We can make prepare_beacon() notice this case and not set a mgr to active if it's been marked failed (eg, by comparing the current to pending_map and seeing that it got removed).
We can do this, but as written it's bad because forcing immediate paxos commits is something we try to avoid until it's necessary (batching is good! it's very good on an iop-limited centralized system!)
we can decide that failing live mgrs is something you can't do.

Should probably discuss that with people who know more about the mgr. I'm guessing they do want the ability to fail the mgr though. So perhaps adjust this PR so that prepare_command() only proposes when handling a fail command? There's a PaxosService::force_immediate_propose() function which will do a propose after returning out of prepare_command() you can invoke, instead of invoking propose_pending() every time inside of it.

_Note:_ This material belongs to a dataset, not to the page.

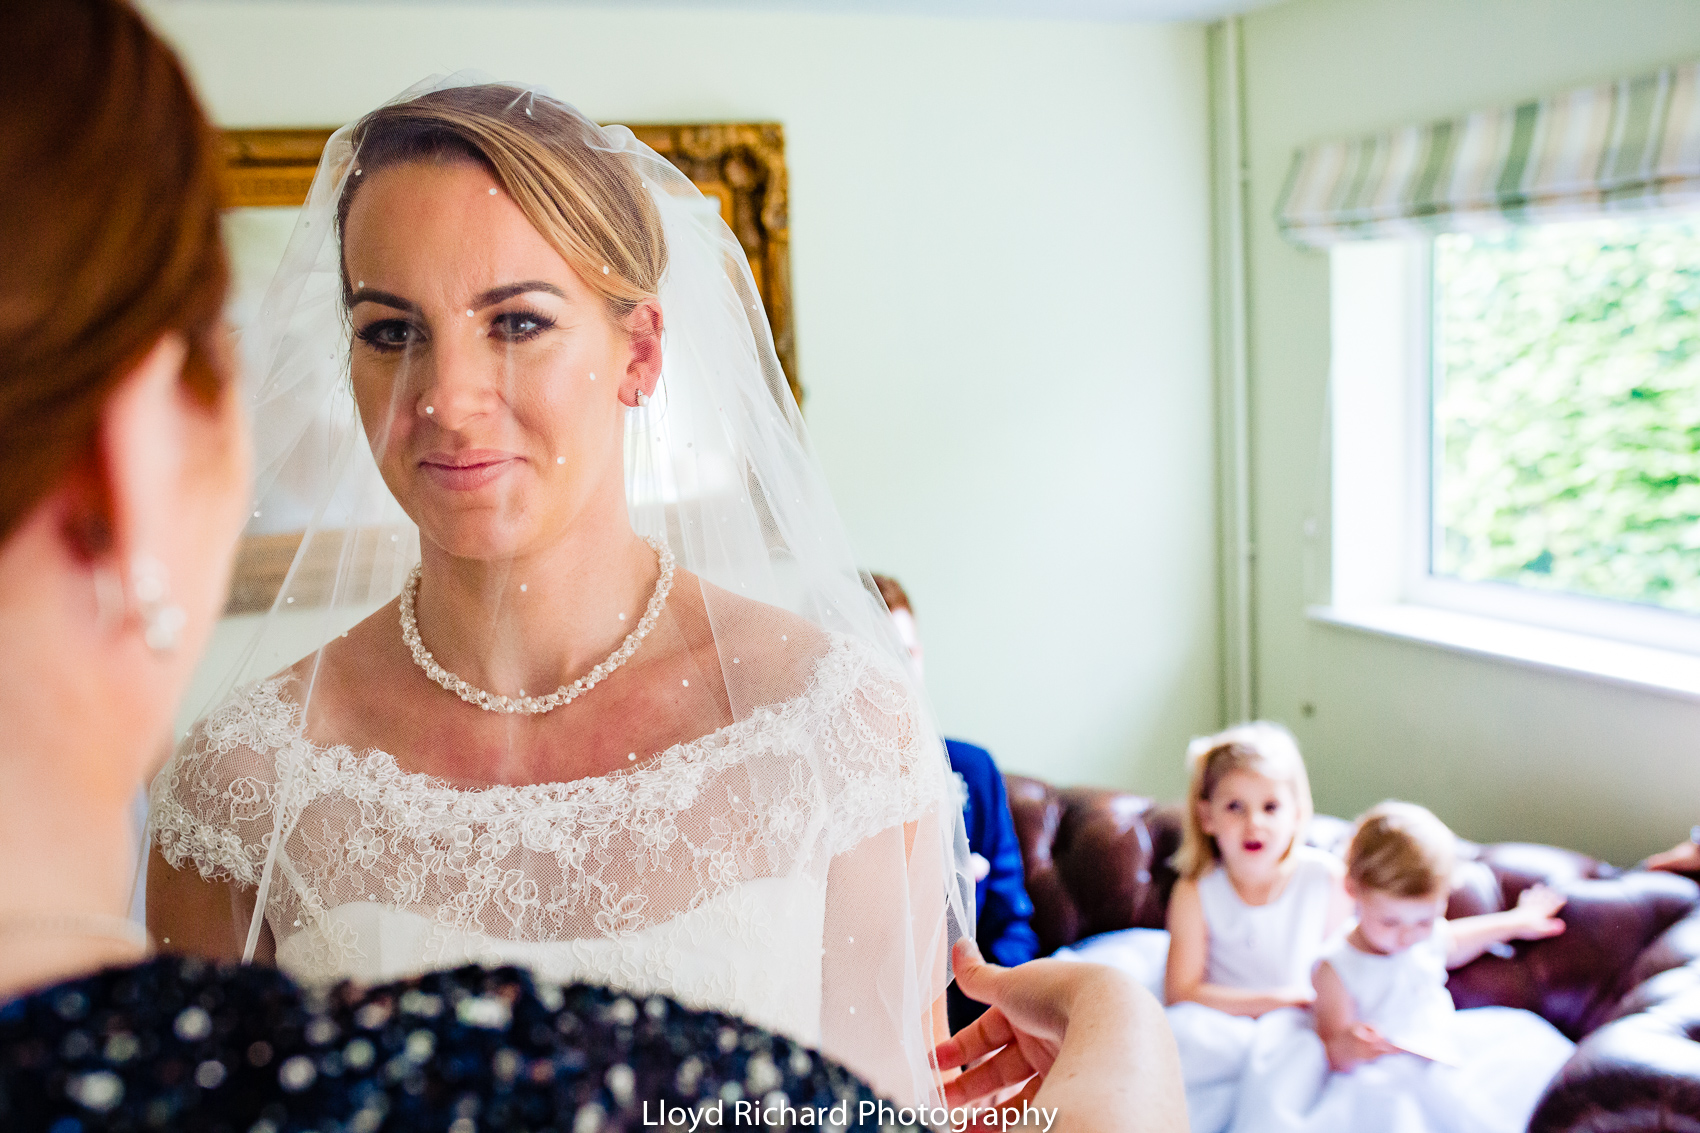 bride ready for the wedding at Pitt Hall Barn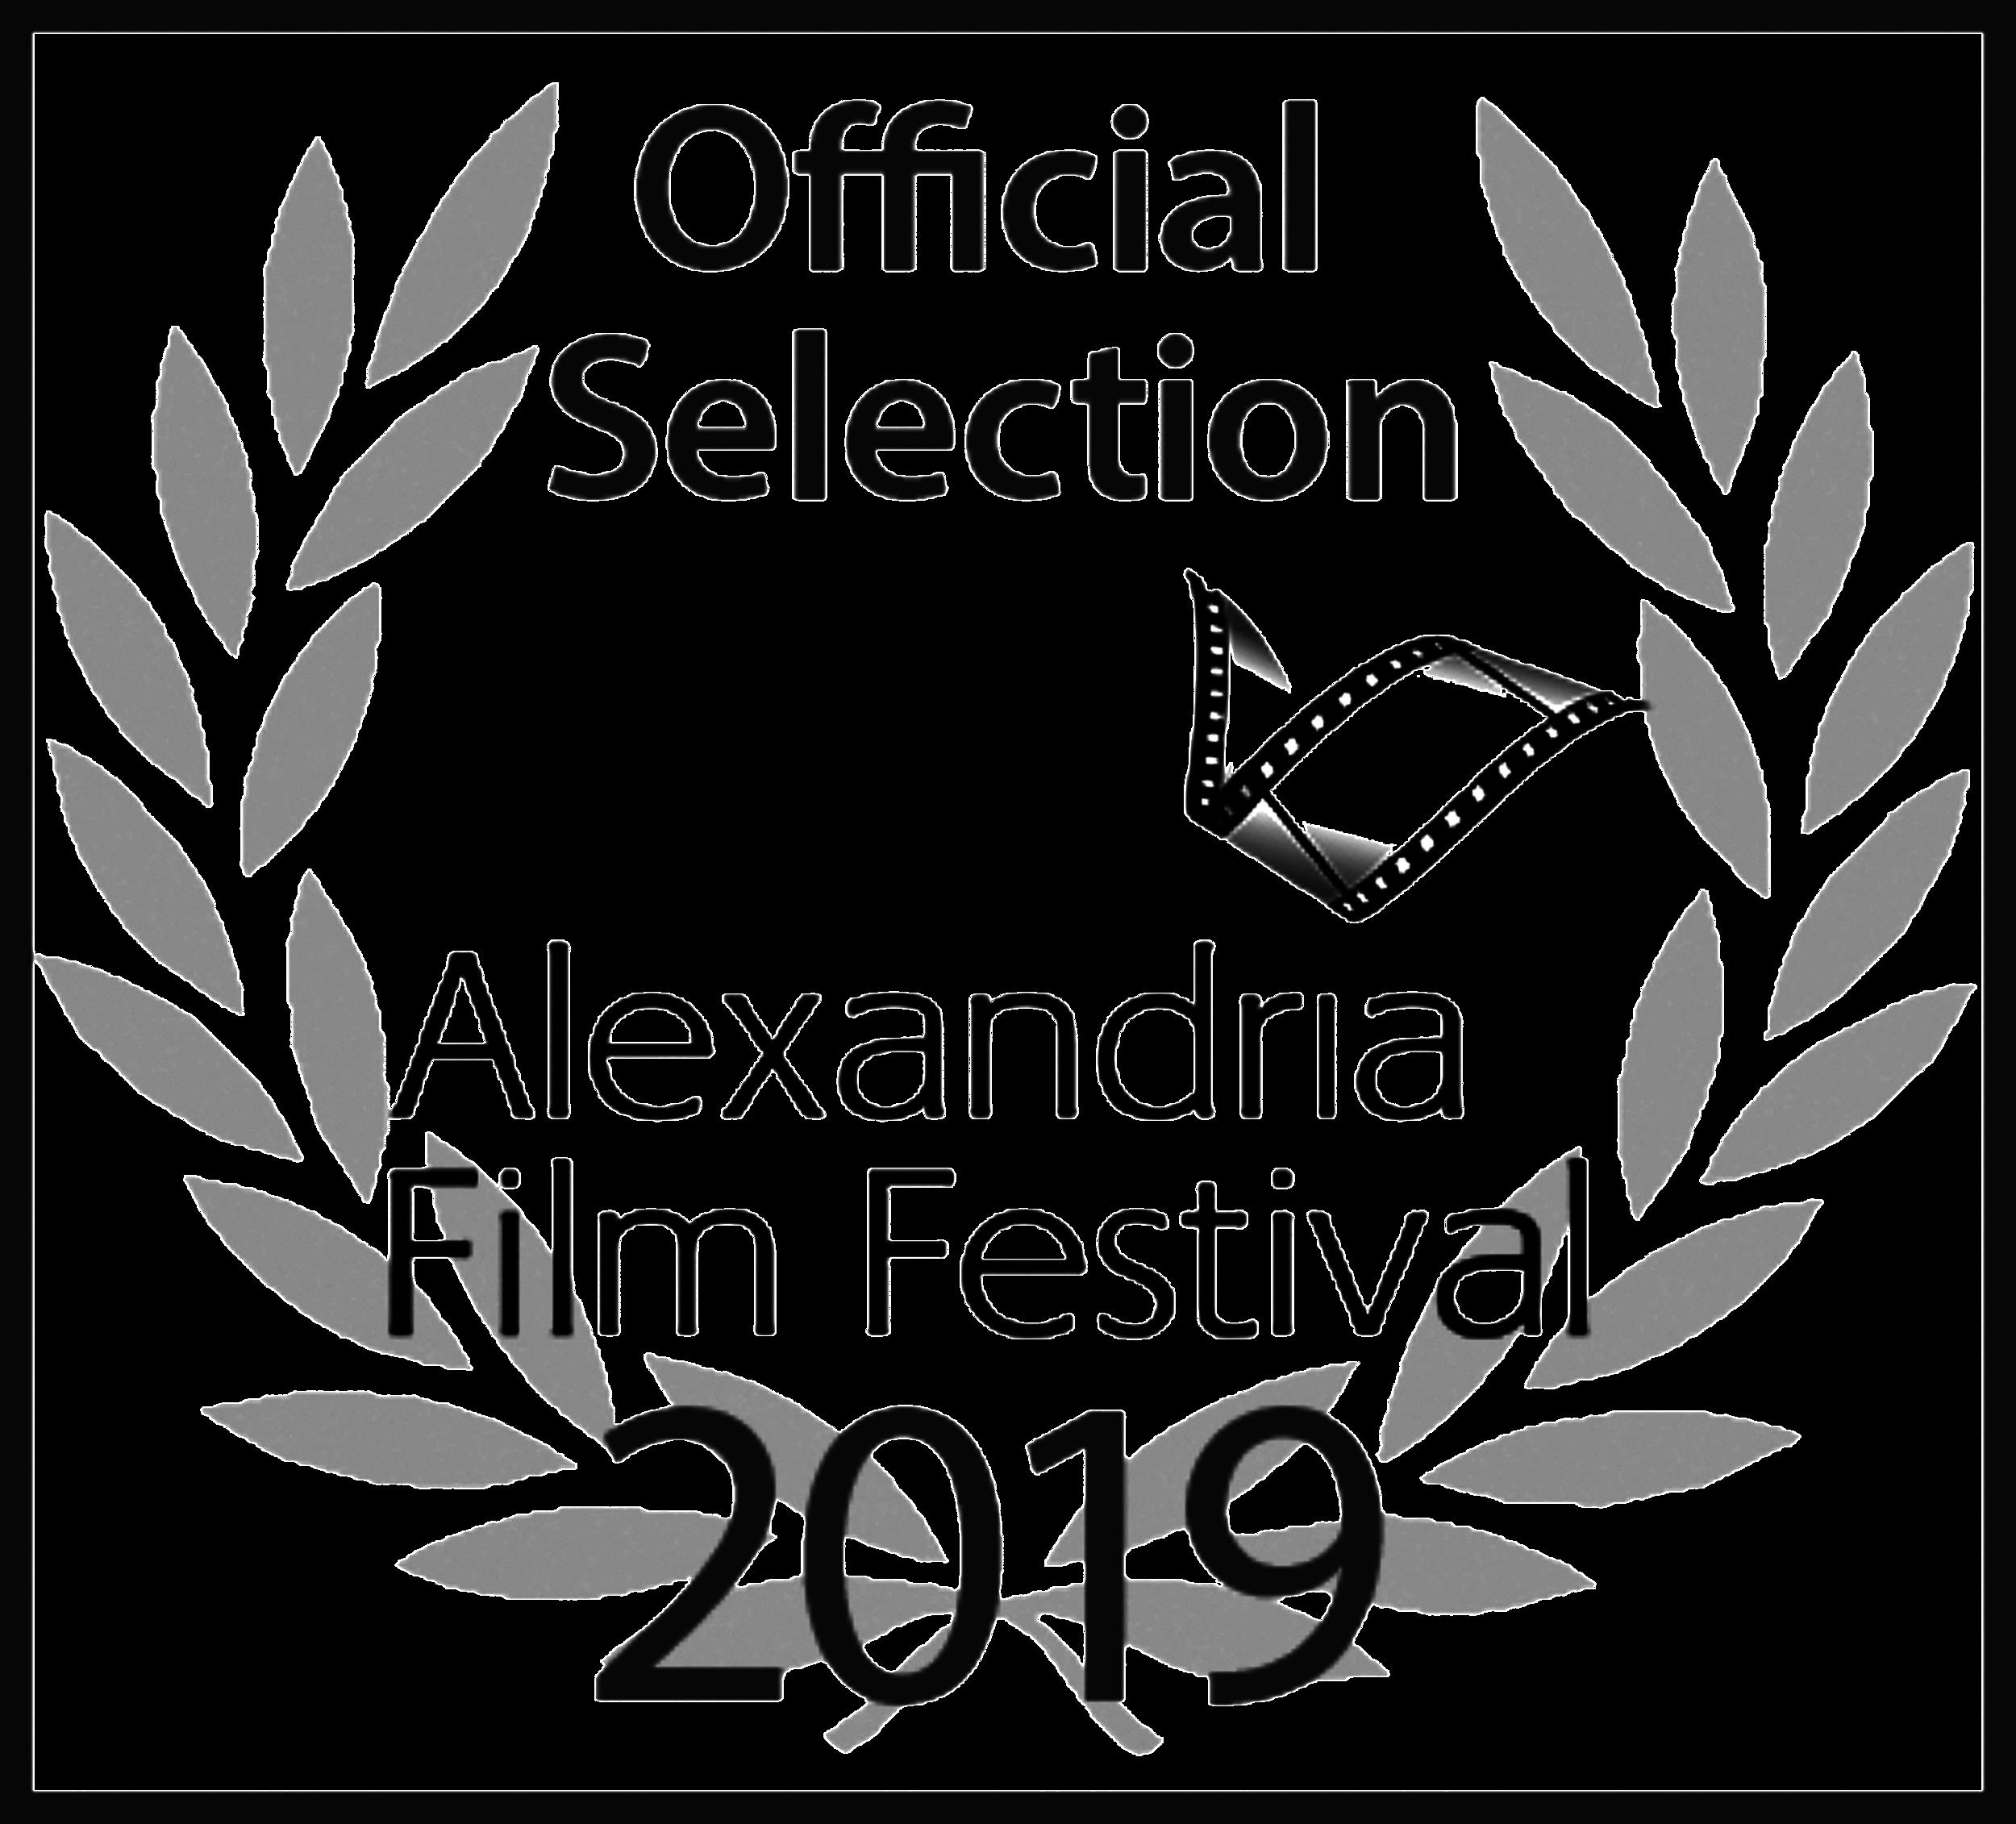 Alexandria-OfficialSelection-Award_2019.png

rzarzynski · 2022-05-26T22:33:38Z

My impression was the mgr-related admin commands are supposed to be executed infrequently, usually in a reaction to an operator's request (even when it happens indirectly – via the orchestrator). The other commands we would flush the pending map for are about turning on/off manager's modules. I believe they are rarely happening too while (I don't have any proof, just gut feelings) are vulnerable to similar races as mgr fail.

When investigating possible approaches I was considering a pin-point fix around prepare_beacon(). However, the complexity there leaned me towards a really dumb solution: flush pending_map after every mgr-related command. I agree we have a trade-off here: performance vs simplicity and I hope we can favor simplicity.

A way to restart mgrs is already neeeded by cephadm / orchestrator modules. The Sage's auth rotation is another user, so I'm afraid we won't be able to squeeze out this feature :-(.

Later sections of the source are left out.